東芝の苦闘と終わらない迷走
ソニーとは異なる展開で最終的に日本産業パートナーズという日系ファンドに買収され上場廃止となったのが東芝でした。東芝は他の総合電機メーカーがグローバル競争で苦戦し守りに入っていた2000年代前半に、積極果敢な西田社長リーダーシップの下躍進していた会社です。
米国の原子力発電会社ウェスチングハウス社を54億ドル(約6600億円)で買収した2006年には時価総額が4兆円に迫り日立製作所に肉薄していました(ちなみに、ウェスチングハウス社自身もかつては、発電、送電機器、家電、ラジオ・テレビ放送機器など広範な製品を展開するコングロマリット企業でした)。

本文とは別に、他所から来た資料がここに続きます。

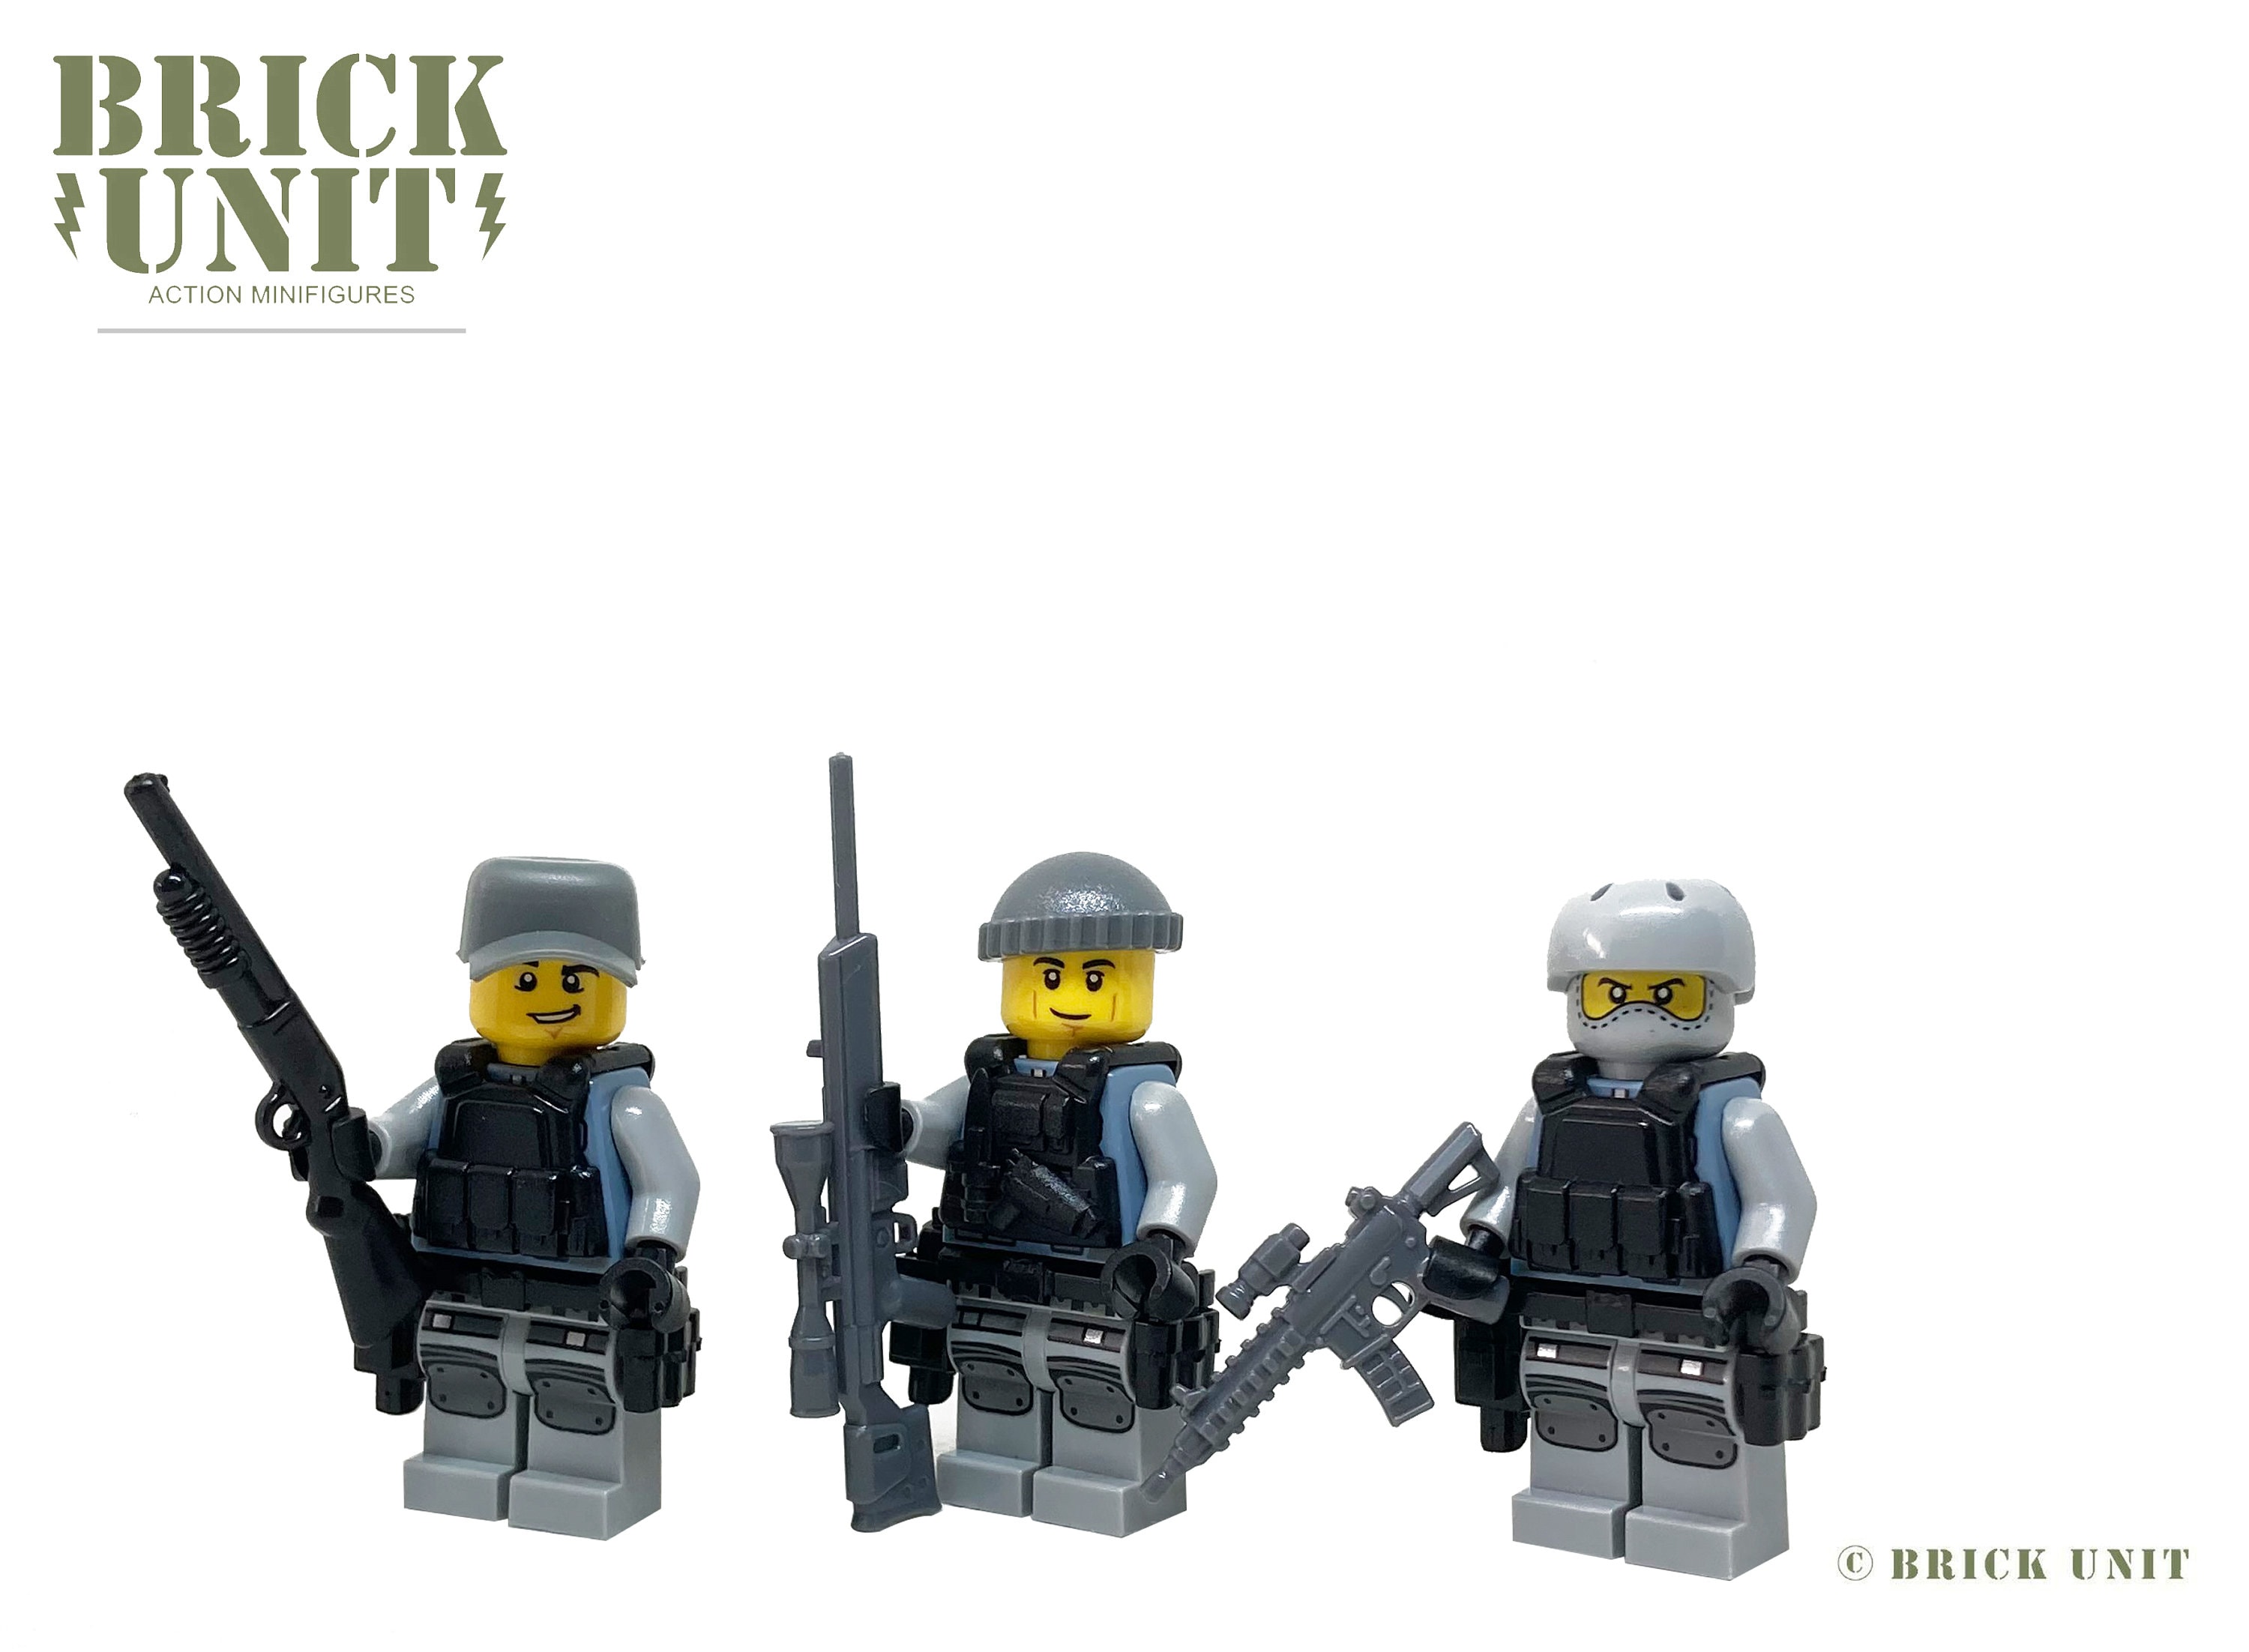 LEGO Police SWAT 2 - Modern Warfare 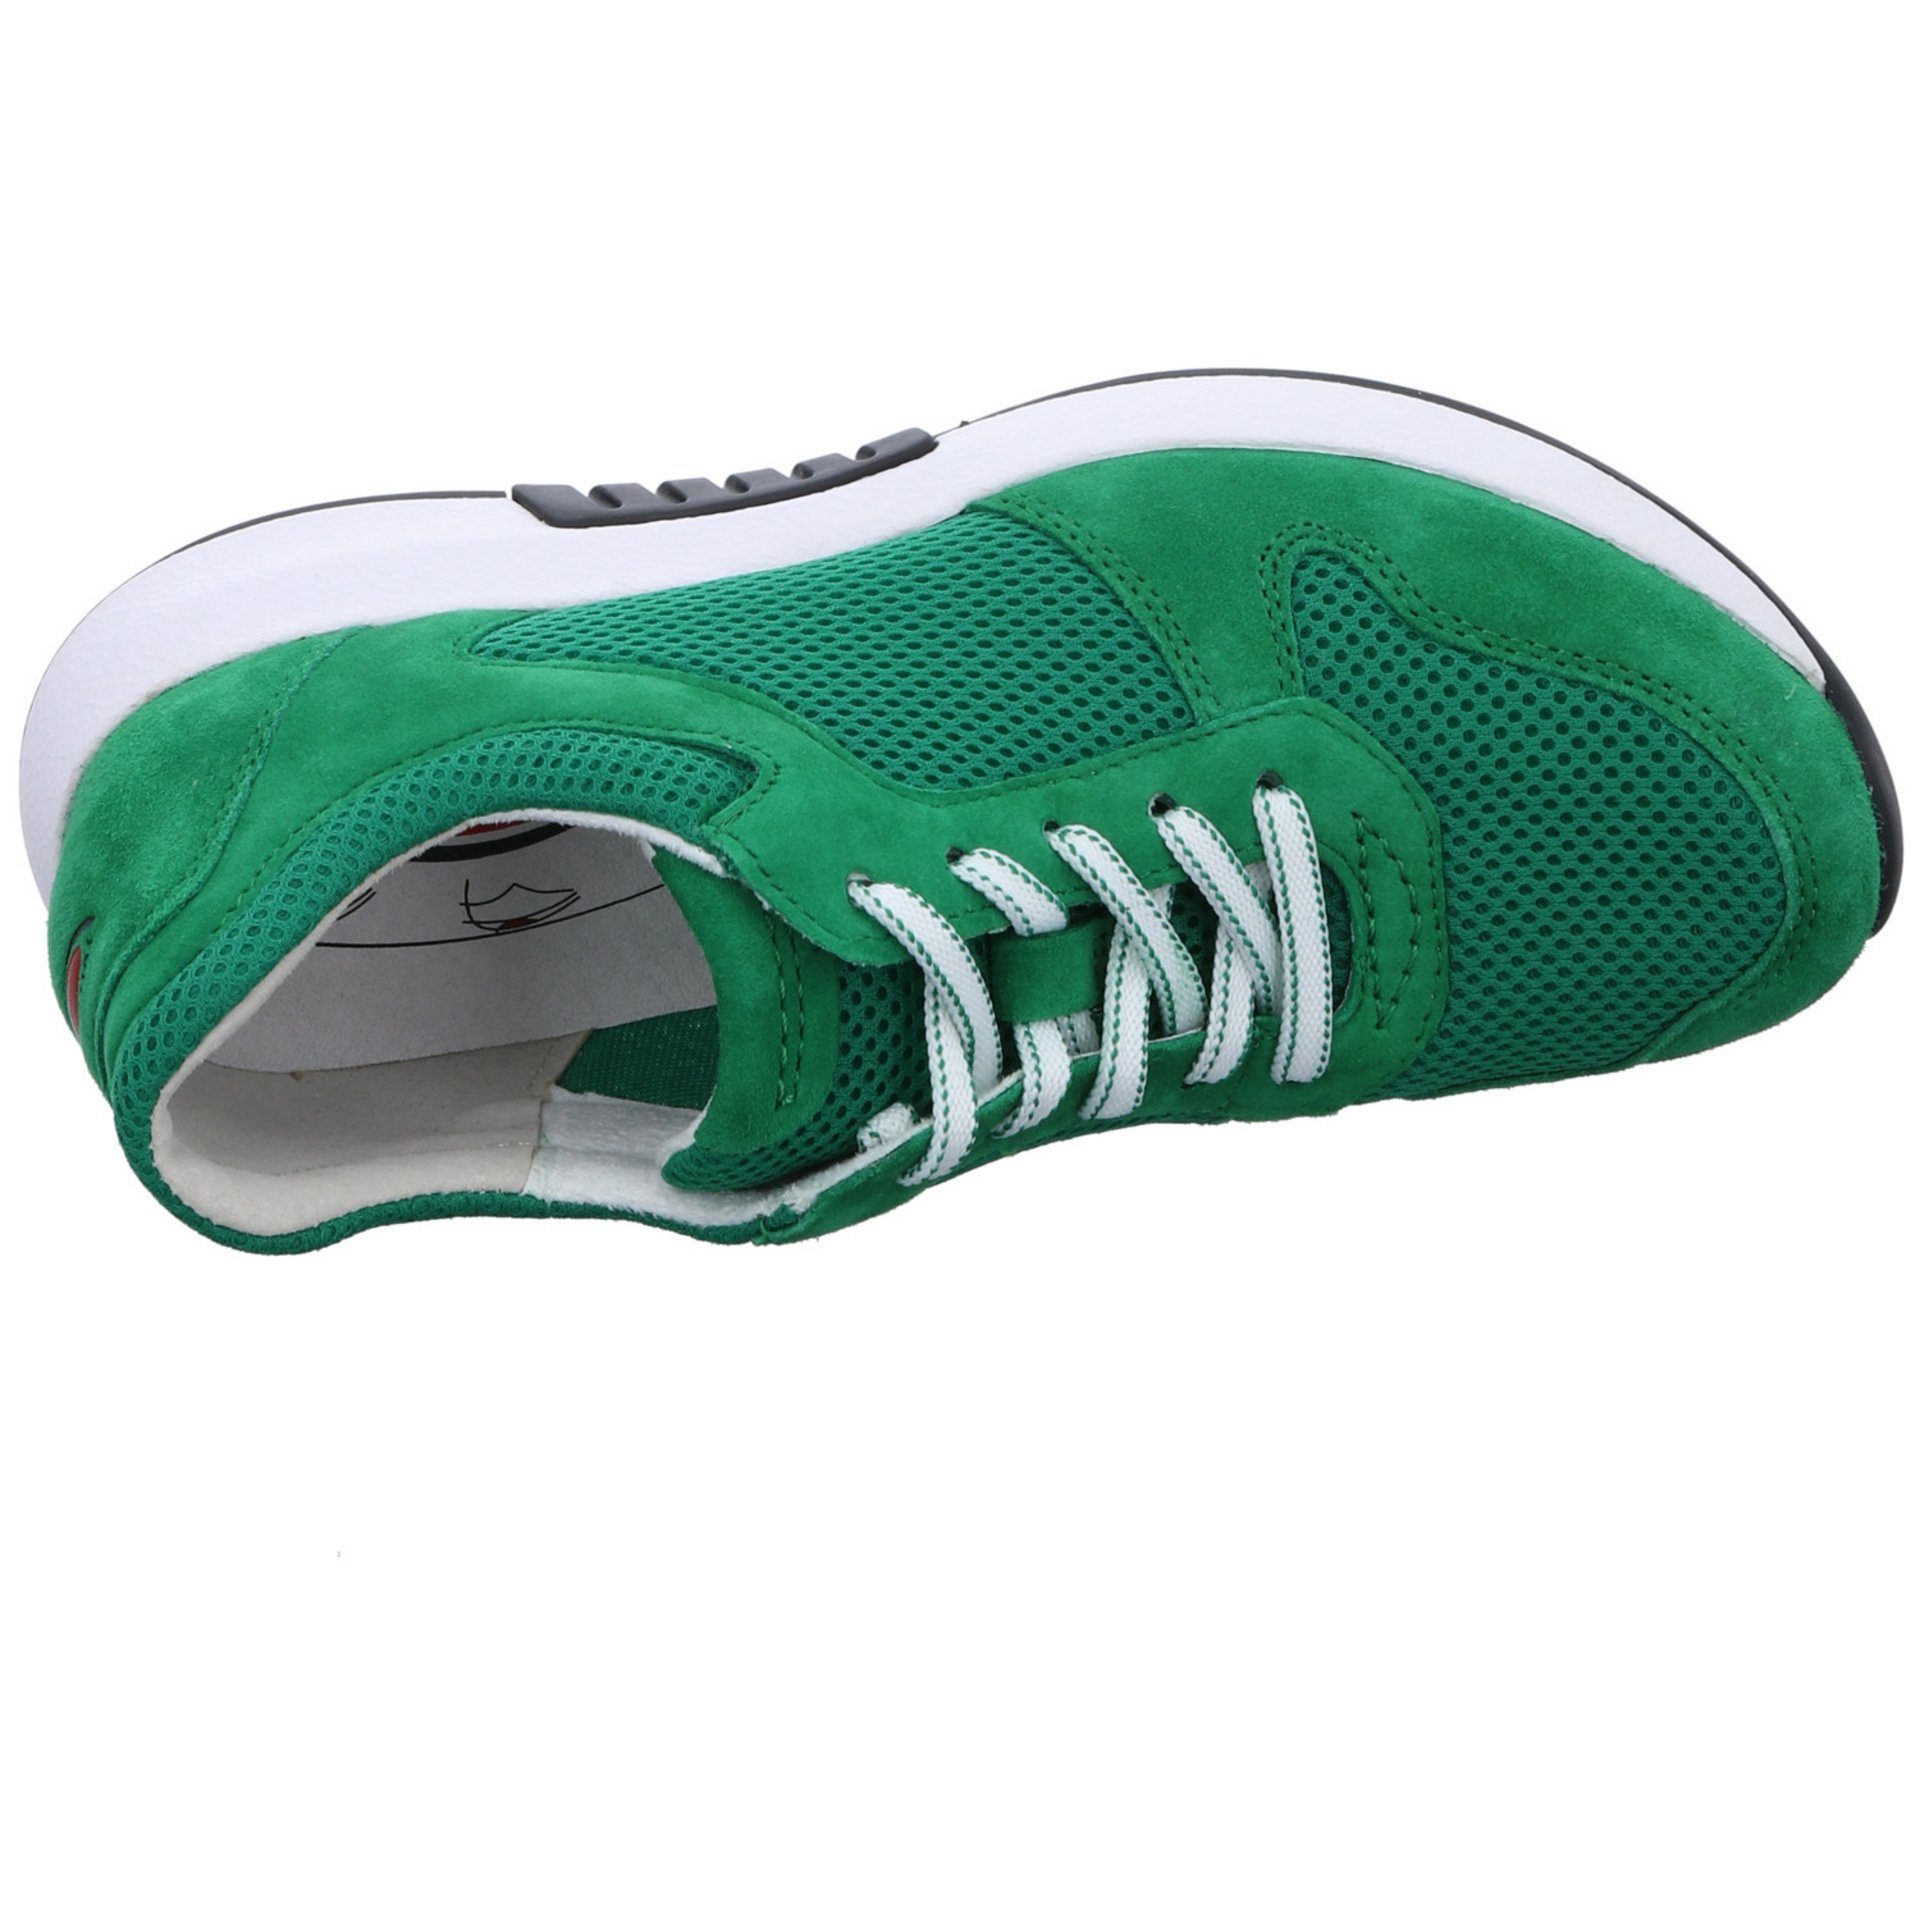 Gabor Schuhe Rollingsoft Lederkombination verde Schnürschuh Sneaker Schnürschuh Damen

当時は化石燃料による地球温暖化が問題視され原子力発電が見直されていた時期で、買収そのものは戦略的に間違いでなかったのですが、ウェスチングハウスの原発建設プロジェクトの遅延・予算オーバーに、福島第一原発事故による世界的な原発事業見直しが重なり、2017年にウェスチングハウスは破産、東芝は約1兆円の特別損失を計上し債務超過に陥ります。
決算期末までに債務超過を解消せねば上場廃止、それをなんとか阻止するためにゴールドマン・サックスが60ほどのファンドから6000億円の増資資金調達を行いました。東芝は収益源の半導体メモリ事業を売却し財務体質は劇的に改善したものの、架空取引の発覚等ガバナンス問題が株価の回復を妨げます。
4兆円以上の価値が海外資本に流出した
業を煮やしたファンド株主により会社全体が入札にかけられ、2023年に売却されました。東芝は上場維持のためにアクティビスト・ファンドを株主に招き入れ、結局は彼らに退出いただくために日本産業パートナーズへの売却・上場廃止という方法を選ばざるを得なくなりました。
ウェスチングハウス買収から15年、ファンドの増資資金受け入れから5年をかけて結局何が起こったのでしょう? ウェスチングハウス関連で1兆円の富が米国に流れ、株価2600円で増資を引き受けた外資ファンド等は4600円で日本産業パートナーズに売り抜けて約5000億円儲けた計算になります。
さらに、2018年にベイン・キャピタルが主導する日米韓連合に2兆円で売却された東芝メモリは、キオクシアに社名変更して2024年12月に上場しました。2025年のAIブームに乗り、キオクシアの時価総額は10兆円に上昇していますから、4兆円以上の価値が(瞬間風速的な含み益という形かもしれませんが)、約半分を保有するベイン・キャピタル、韓国SKハイニックス連合に流れたことになります。会社の値段という切り口でシンプルに総括すると、買収会社の値段を正しくつけられず上場にこだわり会社のガバナンスが効かない東芝経営陣により、多額の日本の富が海外に持っていかれた、ということです。